**EXERCISE DESCRIPTION:** Please return the data that follows precisely as written, but without the images.

[Opening PROVIDED DATA section]

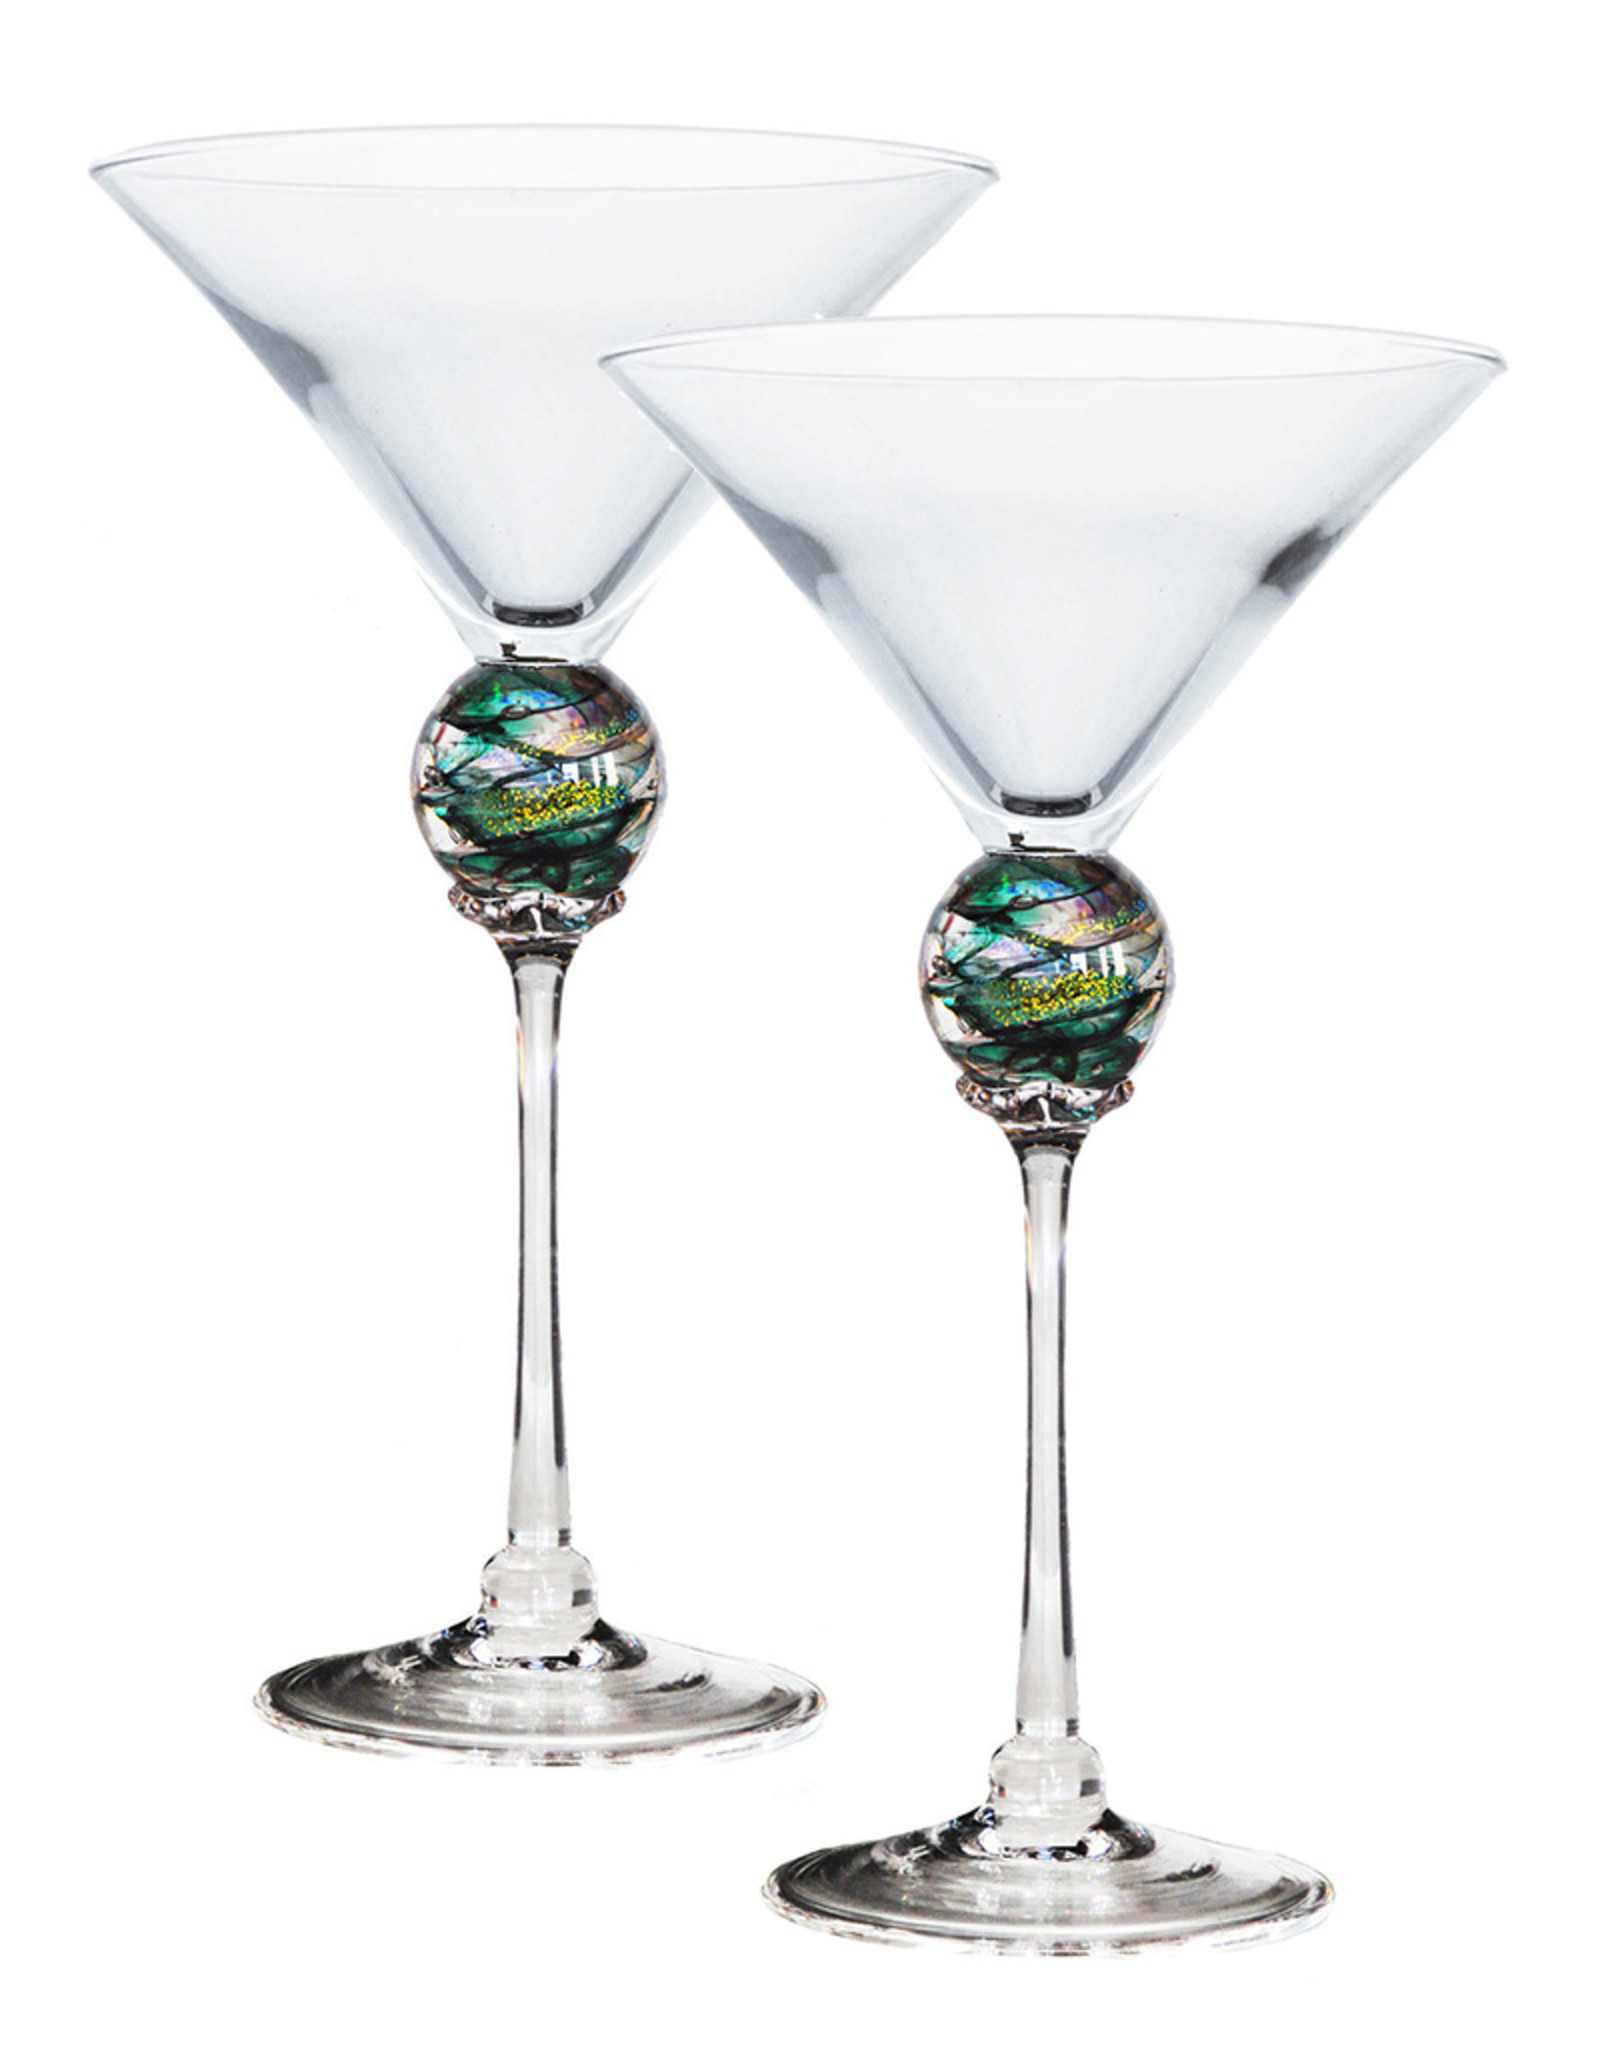 ROMEO GLASS GREEN PLANET MARTINI GLASS
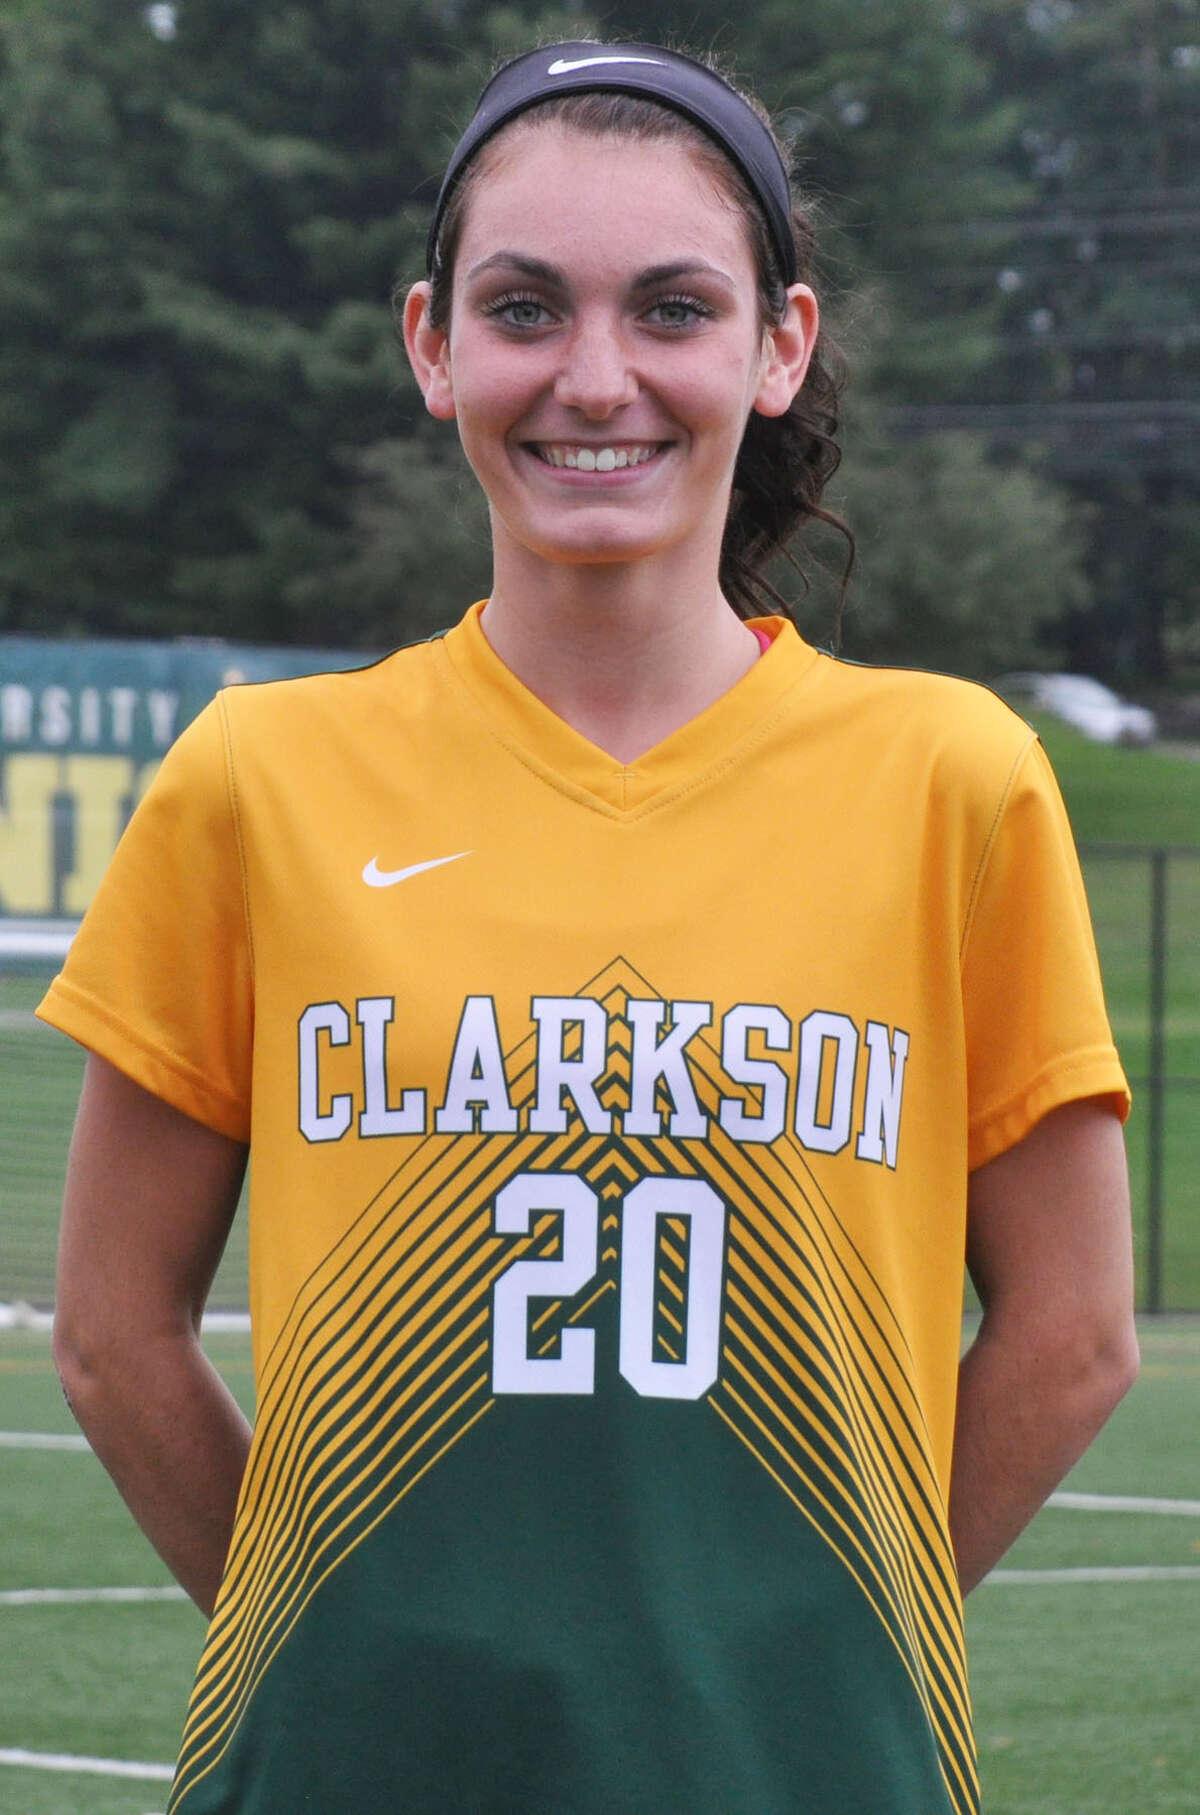 Shaker High graduate Camryn Careccia, right, of the Clarkson women's soccer team. (Courtesy of Clarkson)
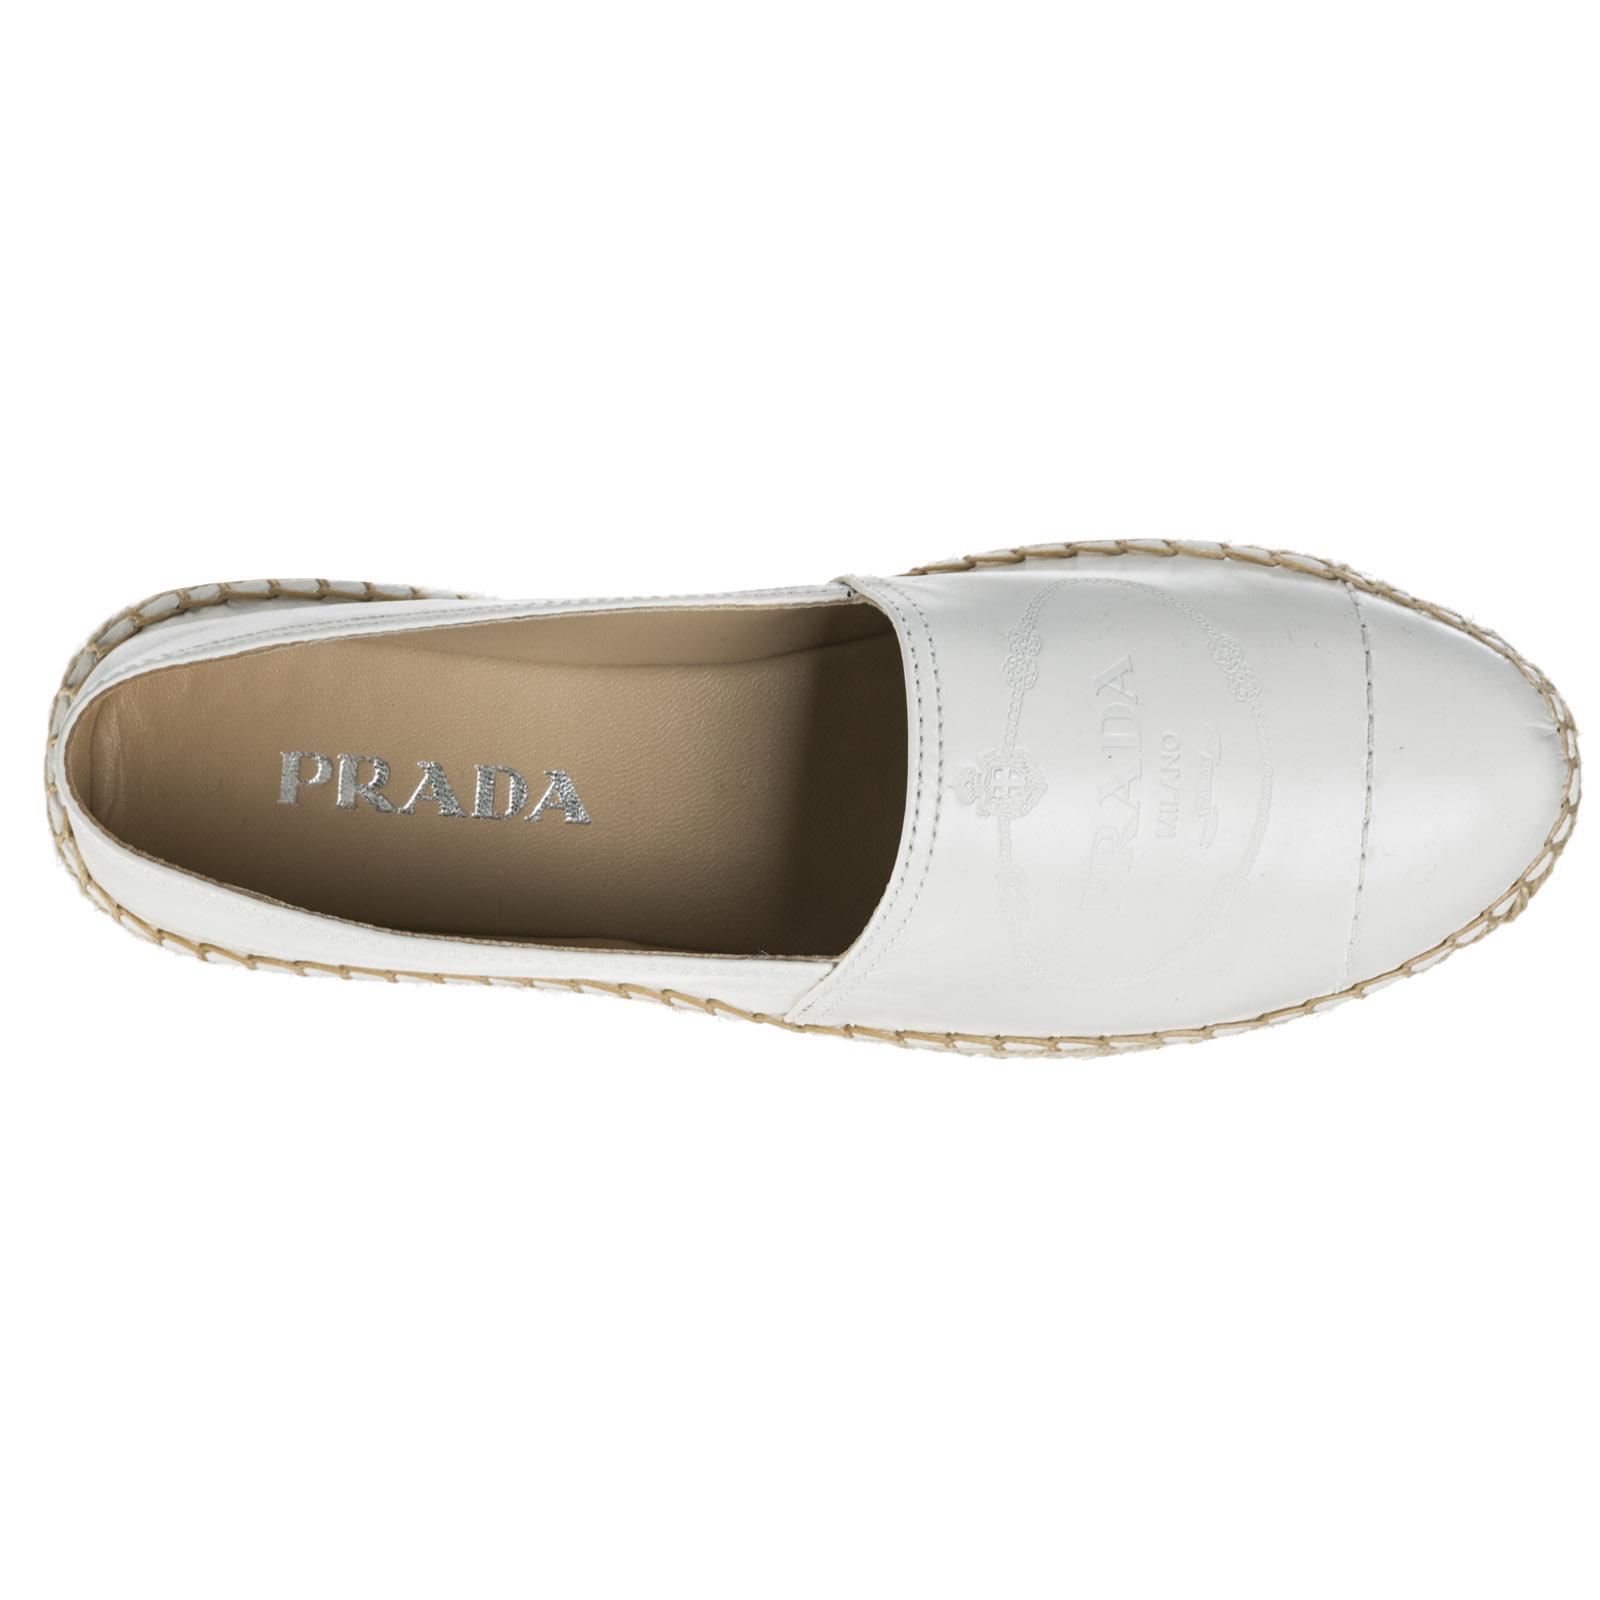 Women's espadrilles slip on shoes

[Closing PROVIDED DATA section]

**EXERCISE RESULT:**
 ROMEO GLASS GREEN PLANET MARTINI GLASS
 Shaker High graduate Camryn Careccia, right, of the Clarkson women's soccer team. (Courtesy of Clarkson)
 Women's espadrilles slip on shoes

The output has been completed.